Description of your changes:

  • Sync Katib 0.14.0 (ref)

cc @kubeflow/release-team

@annajung
Copy link
Member Author

github actions failed due to error: timed out waiting for the condition on pods/katib-mysql-5bf95ddfcc-587tt

I ran the commands locally against Kubernetes 1.22 and was not able to recreate the issue. Is it possible to review the pod logs? cc @kimwnasptd

@annajung
Copy link
Member Author

annajung commented Aug 30, 2022

After looking into this a bit more, I'm still not sure why it's failing. One approach that we could possibly take is instead of waiting for all pods in all namespaces to be "Ready", can we only check the kubeflow namespace instead?

kubectl wait --for=condition=Ready pods --all -n kubeflow --timeout 180s

If we take that approach, we could also add additional checking in the istio installation script to make sure all pods are up

kubectl wait --for=condition=Ready pods --all -n istio-system --timeout 180s

@kimwnasptd wdyt? Not sure if this will fix the issue tbh

Also, we need #2271 to merge first as it fixes the katib test script path

@kimwnasptd
Copy link
Member

kimwnasptd commented Aug 31, 2022

I'd like to understand why do we see this error in the first place, since if the MySQL pod never becomes ready then we could hit other problems with testing down the road.

After using this GH action to ssh into the worker node, in my forked repo that runs this PR kimwnasptd#2, I found out that the mysql pod's container had started but it would never become ready.

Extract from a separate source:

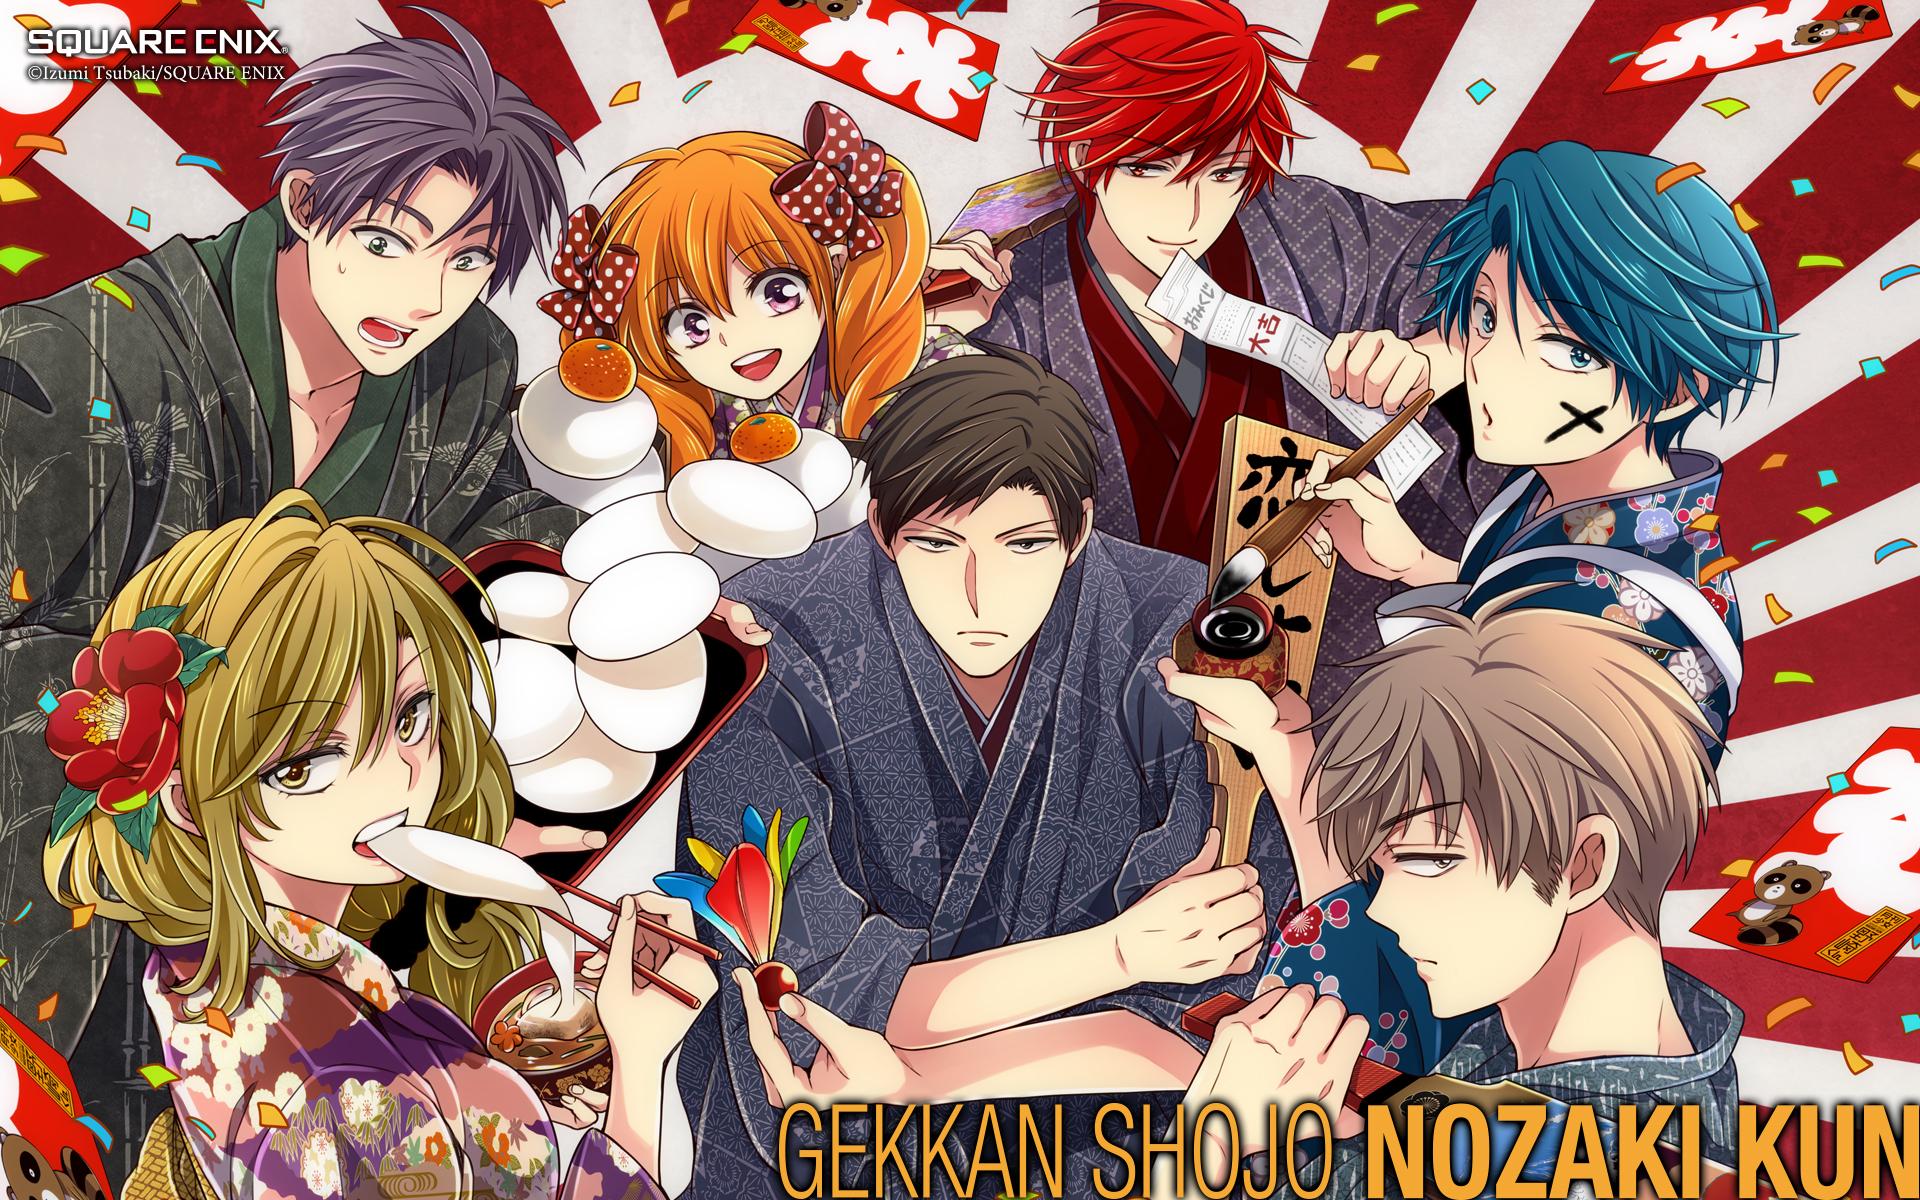 Gekkan Shoujo Nozaki Kun Monthly Girls Nozaki Kun Wallpaper

Doing a kubectl describe showed the following interesting event:

Warning  Unhealthy         15s (x5 over 75s)  kubelet            Startup probe failed: mysqladmin: [Warning] Using a password on the command line interface can be insecure.
mysqladmin: connect to server at 'localhost' failed
error: 'Can't connect to local MySQL server through socket '/var/run/mysqld/mysqld.sock' (2)'
Check that mysqld is running and that the socket: '/var/run/mysqld/mysqld.sock' exists!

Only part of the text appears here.